Hey, good illustrations. The one thing that really bummed me about being paired up with you to do this Breakfast Table gig was knowing that you’d effortlessly outdraw my sorry ass, and that’s even when you’ve got a color pallette tied behind your back. Well, at least I have my new, post-Central Asian Diet Plan waistline–lose 36 pounds in 28 days! (really)–to comfort me.
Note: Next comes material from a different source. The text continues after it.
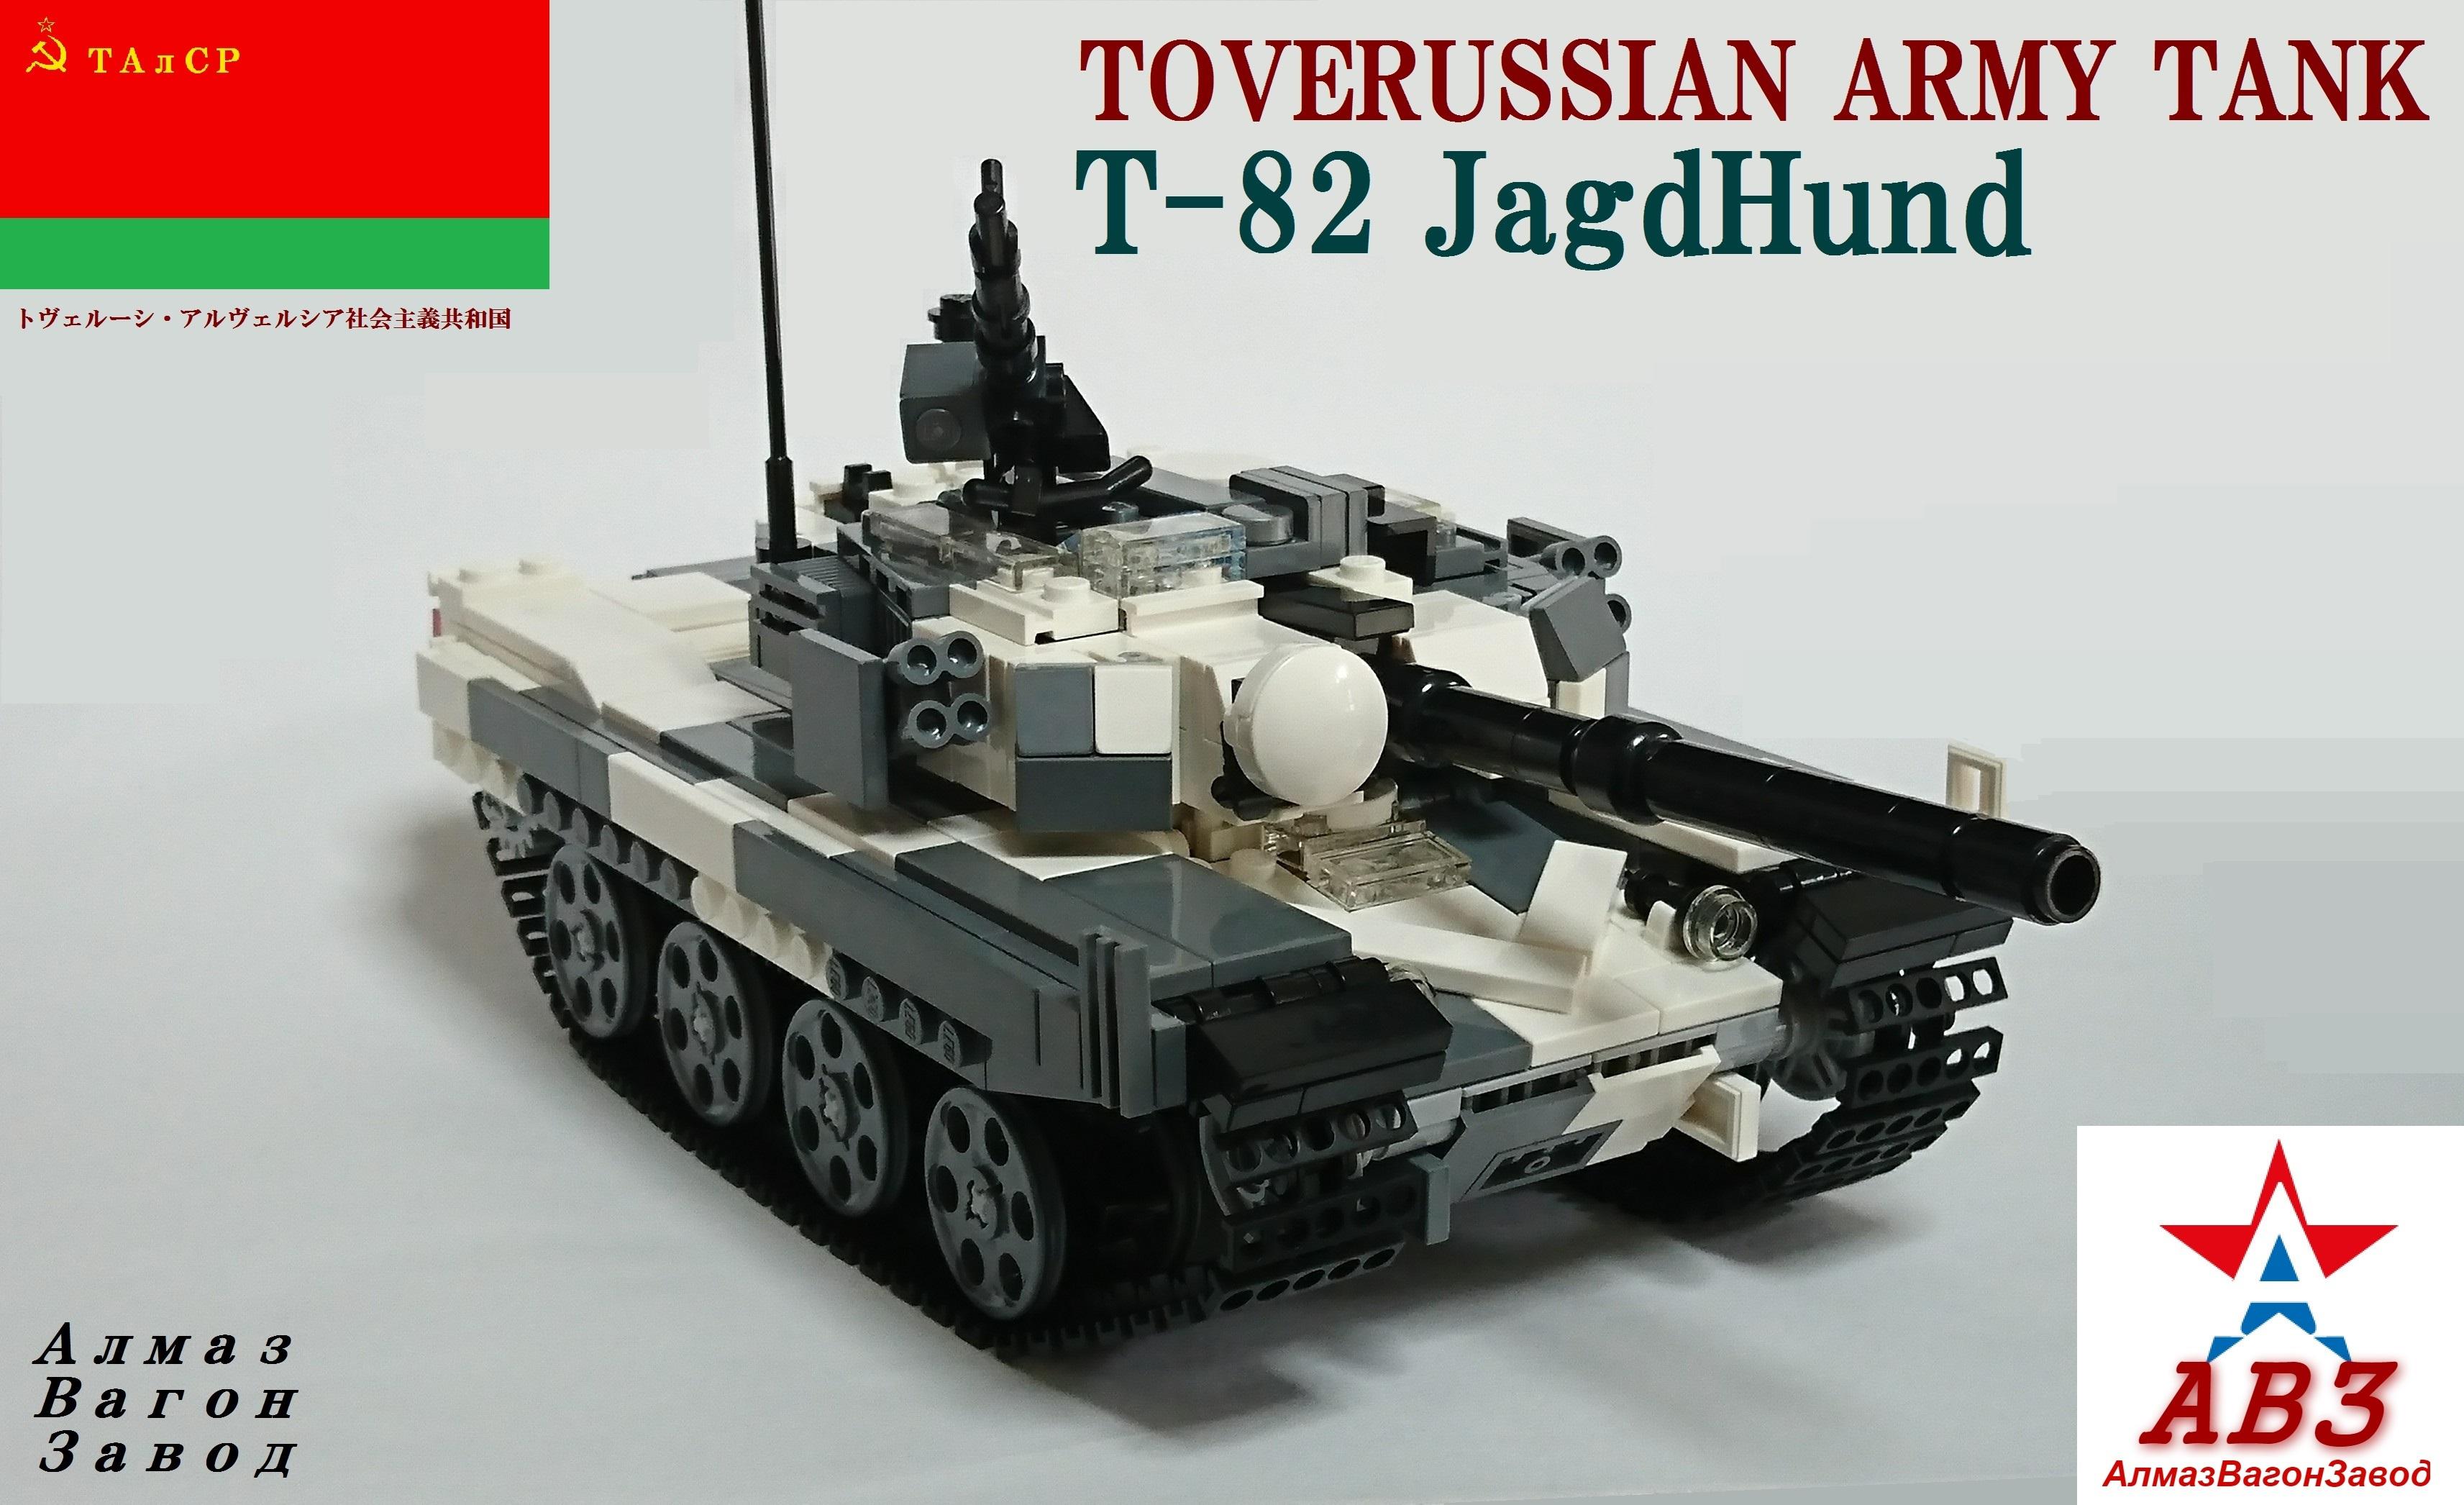 T-82JagdHundMainBattleTank.jpg
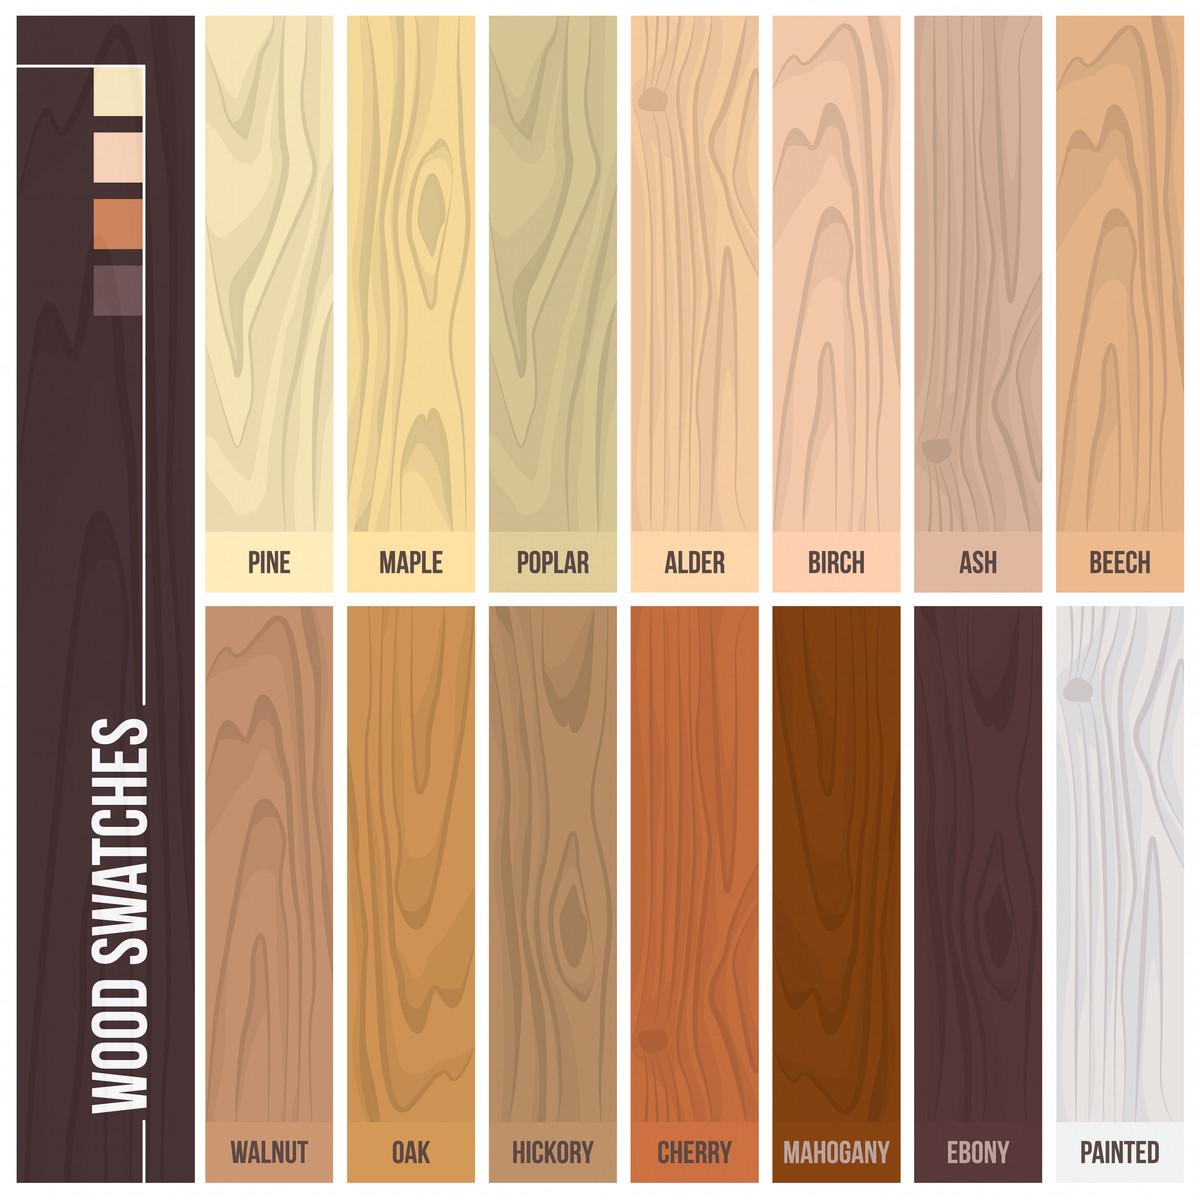 white oak hardwood flooring for sale of 12 types of hardwood flooring species styles edging dimensions with types of hardwood flooring illustrated guide

I’m glad you brought up the weirdness of the George Quincy Bush (yes! let’s nominate the frat-boy son of a loser do-nothing president!) campaign. On my Los Angeles radio show this past Saturday I did a facetious “Welcome to the Left” bit embracing GWB’s new move to the progressive side. I announced that I had it on good authority that he was going to end capitalism, nationalize industry, eliminate pay inequity, and institute forced collectivization, all while playing Billy Bragg’s “Waiting for the Great Leap Forward” underneath my monologue. I went too far by reminding voters that Clinton turned out not to be lying about being a New Democrat (i.e., conservative Democrat), so perhaps Bush is telling the truth about really caring about poor people. (Hey, maybe he’s rebelling against dad late in life.)
In any event, my lines were jammed with callers seemingly unaware of the joke; several worried aloud that May 4th farms were around the corner from next November. Ah, if only it were true. But the point here remains sound–the two-party system, perhaps the most stupid political structure ever conceived, is dead if you can convince people that Bush is a leftist and Clinton can still pass himself off as a liberal after pushing through NAFTA, GATT, and that rancid welfare-reform bill–not to mention signing countless death warrants as governor of Arkansas. Personally I’m a fan of European-style parliamentary democracy; even fringes of the electorate get represented. But at least with single-party dictatorship, you get efficiency. Two parties give you paralysis, and worse than that, the illusion of choice between two virtually identical wholly owned subsidiaries of corporate America.
As for the Diva (now I’m calling her that!), anyone who worked on that Dukakis campaign is by definition a moron. I walked in, and right out, of his New York HQ when I saw how disorganized they were (nobody was there to answer the phone or unlock the front door), and that was the last time I ever considered participating in allegedly organized party politics.